Меня, естественно, никто пальцем никогда не тронул.

Вырос Леша на бандитской окраине Прокопьевска, где местная шпана тянула, что плохо лежит, и смолила бычки от нечего делать. А Леша ходил в библиотеку и брал воспоминания великих путешественников и пособия по химии. Под крики библиотекарши: «Тебе еще рано!» Выпросил у отца в свое распоряжение холодный сарай и оборудовал там лабораторию. Доставал какие-то реактивы, ставил опыты… Литература интересовала тоже, но, кроме советских писателей, на библиотечных полках стоял только Лопе де Вега. Полное собрание сочинений. Леша прочитал. Потом еще раз. И стал смутно подозревать, что интересных писателей гораздо больше.

Первым переломным этапом стала новая школа. Элитная по тем временам, с математическим уклоном. Леша победил в какой-то олимпиаде – и перевелся. И вот там его ждал сюрприз. В три ряда сидели в классе не те ребята, что курили на завалинке и сплевывали сквозь зубы, а такие же отличники. Наиотличнейшие какие-то отличники, один отличнее другого. Полкласса соревнуется за право попасть на Доску почета. Да и мало того! У них еще и своя компания сбитая, и девушки все красивые только с ними дружат, и книжки там у них из портфеля в портфель ныряют… Что-то он таких в прокопьевской библиотеке не видел…

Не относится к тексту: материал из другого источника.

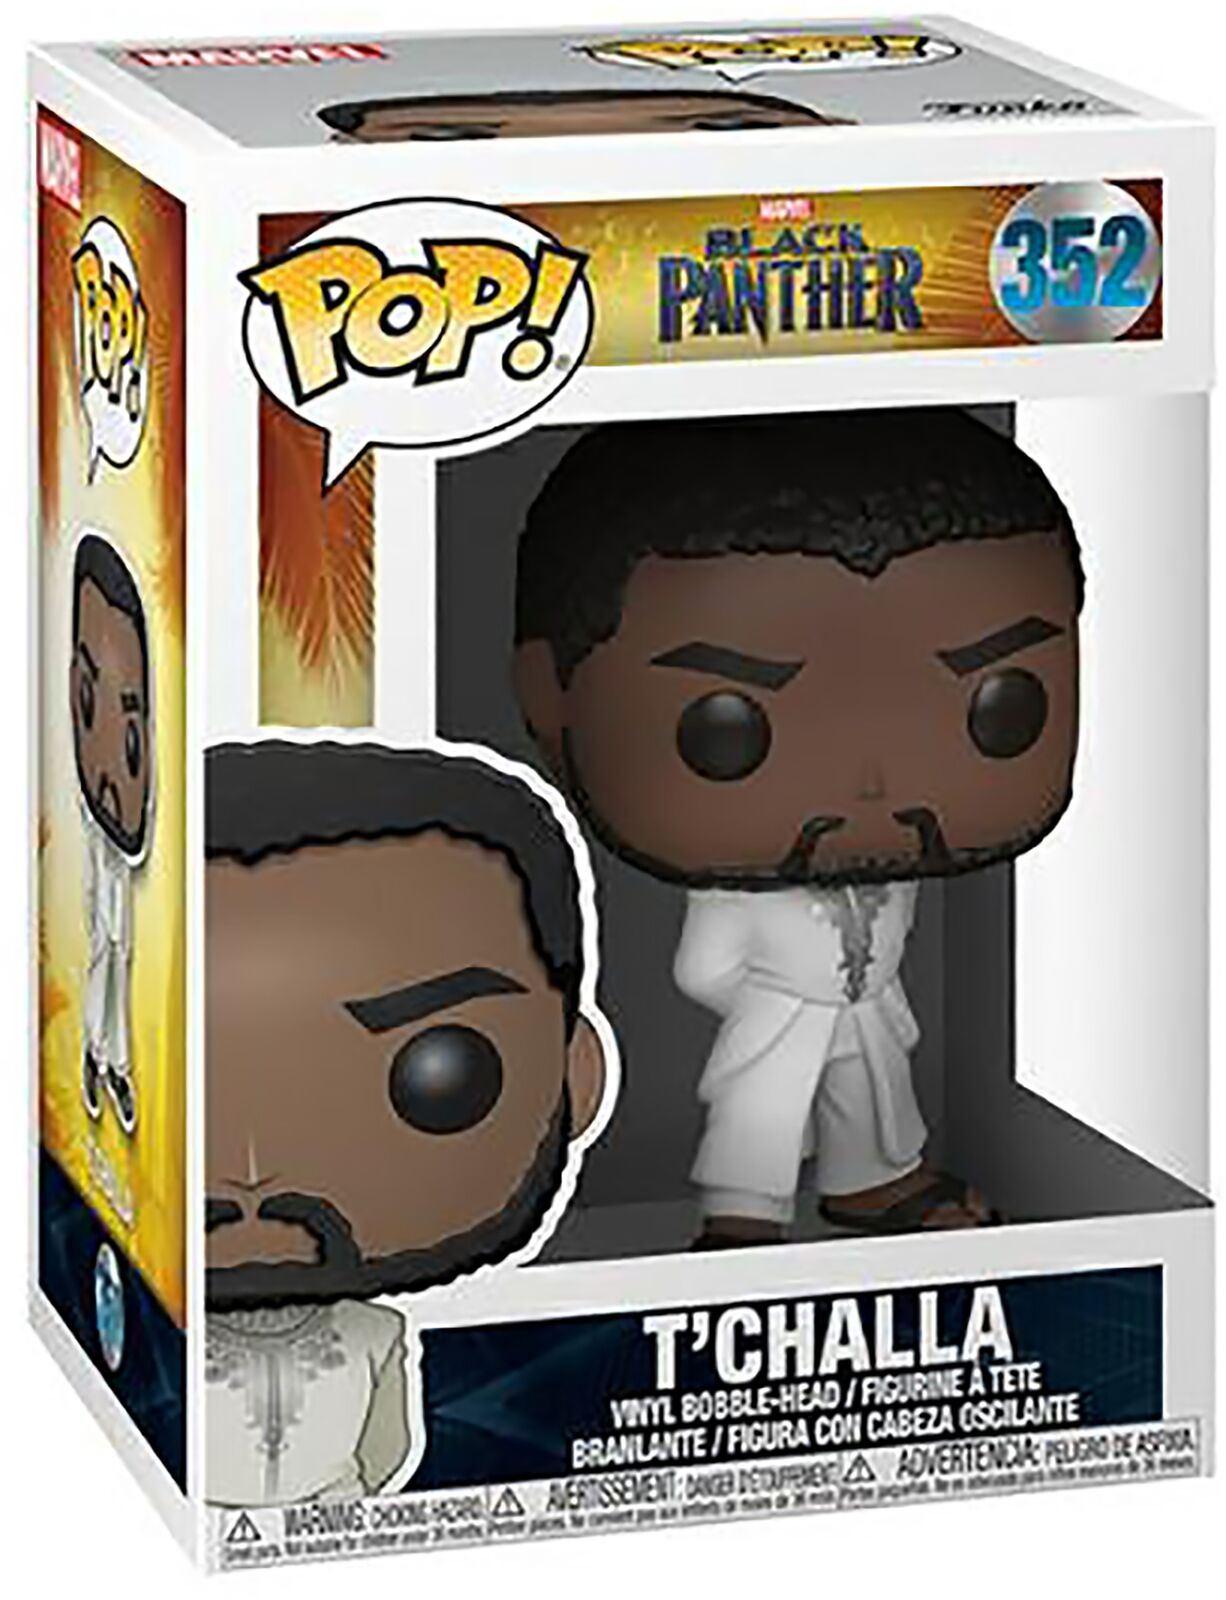 Black Panther T/'Challa With White Robe Vinyl Figure #352 Funko Pop

И Коваленко стал брать эту высоту. Не мог он заснуть спокойно, не выучив параграфа, не прочитав заданного. А еще воображение бередила Лиза Боярина – первая умница в классе. Не ответить там чего-то у доски – когда она смотрит! – смерти было подобно.

Это сформировало его характер. Стремление быть не хуже других переросло в желание быть непременно лучшим. В школе, в вузе, в научной карьере, в поэзии. Не говоря уж о любовном поприще…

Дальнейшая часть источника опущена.